Reading Incomprehension  - bootload
http://www.nytimes.com/2009/09/28/opinion/28farley.html

======
bbg
I've been in this columnist's shoes, and I can confirm what he says: the score
depends on the grader.

At the center where I graded, only 1 in 14 essays were read by a second scorer
for verification. "Calibration" consisted of a half-hour of reading pre-scored
essays and taking a test that required a passing rate (being within some
margin of the "true" score) of only 80%.

There were ridiculous formulas about the number of adjectives, etc., required
for a certain score. Imaginative writing suffered the most; cookie-cutter
writing was rewarded the most.

Scorers worked eight hour shifts. Sometime after my morning coffee I was the
most generous, and in my afternoon lull, when I could hardly keep my eyes
open, I'm pretty sure I graded the hardest.

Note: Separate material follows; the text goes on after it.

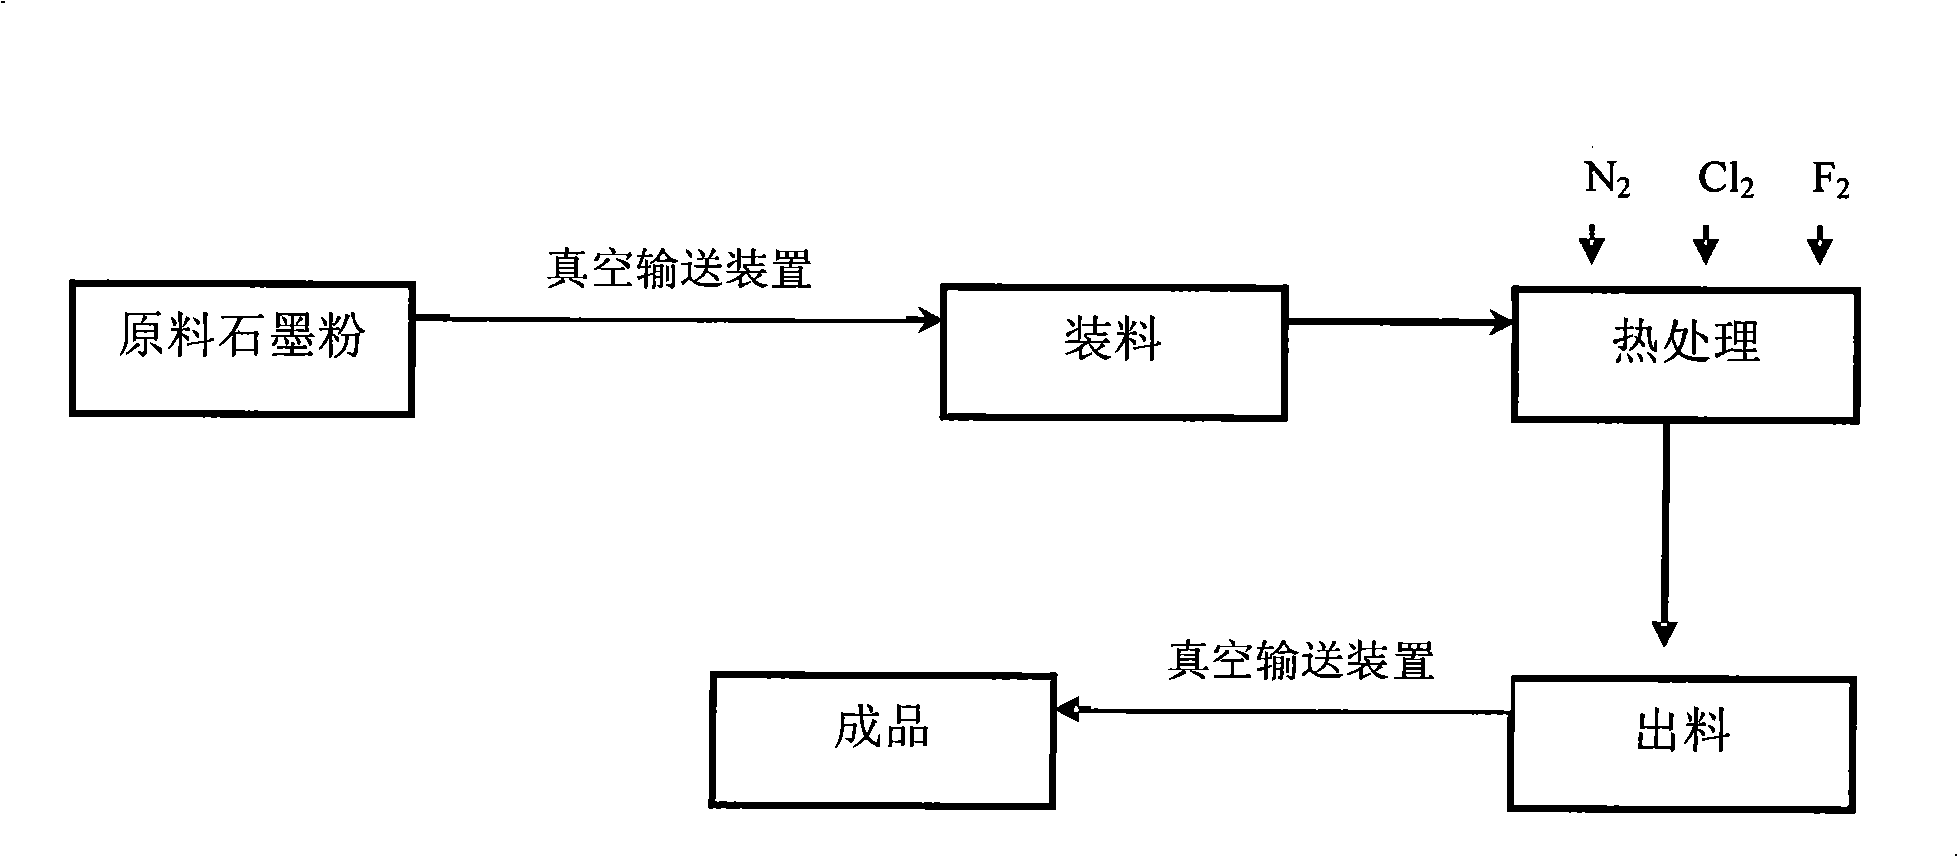 Process and equipment for producing graphite dust

I remember one of my colleagues had, sadly, suffered brain injury in a car
wreck. His scores were all over the place, as I could tell when he asked my
opinion on the essays he was scoring. Others had modest educational
attainments -- people who had maybe gotten a bachelor's degree twenty years
before, but not really been engaged in mentally rigorous work in the mean
time. Many of them couldn't reliably spot an adjective. They were amazed that
I had an "accuracy rate" of 97%, the highest at my table by a good 15
percentage points.

We were grading fourth-graders' tests from Arizona. The previous cohort at my
center (that I didn't belong to) had graded high school tests from, if memory
serves, Minnesota. (This was late '90s). The tests were "high stakes" --
failure on the test kept the student from high school graduation. It later
came to light that some large number of students who had failed the test and
been denied graduation, had later challenged their scores and successfully
shown that their tests had been severely mis-graded. They were allowed to
graduate, half a year too late.

After the grading period ended, I stayed on a mailing list to hear about job
openings the next summer in that city. However, some time during the spring I
got a letter saying that there wouldn't be a grading center in our city that
year. Wonder why.

------
mquander
I think it's much ado about nothing. Some smart students couldn't really give
two shits about their grade, and then they'll write essays about _Debbie Does
Dallas_ (I've been there.) If you're bright and a good writer and you care
about how many points you get, then you'll write a technically strong, boring
essay about vanilla subject matter and you'll get a high score no matter how
dim the grader is.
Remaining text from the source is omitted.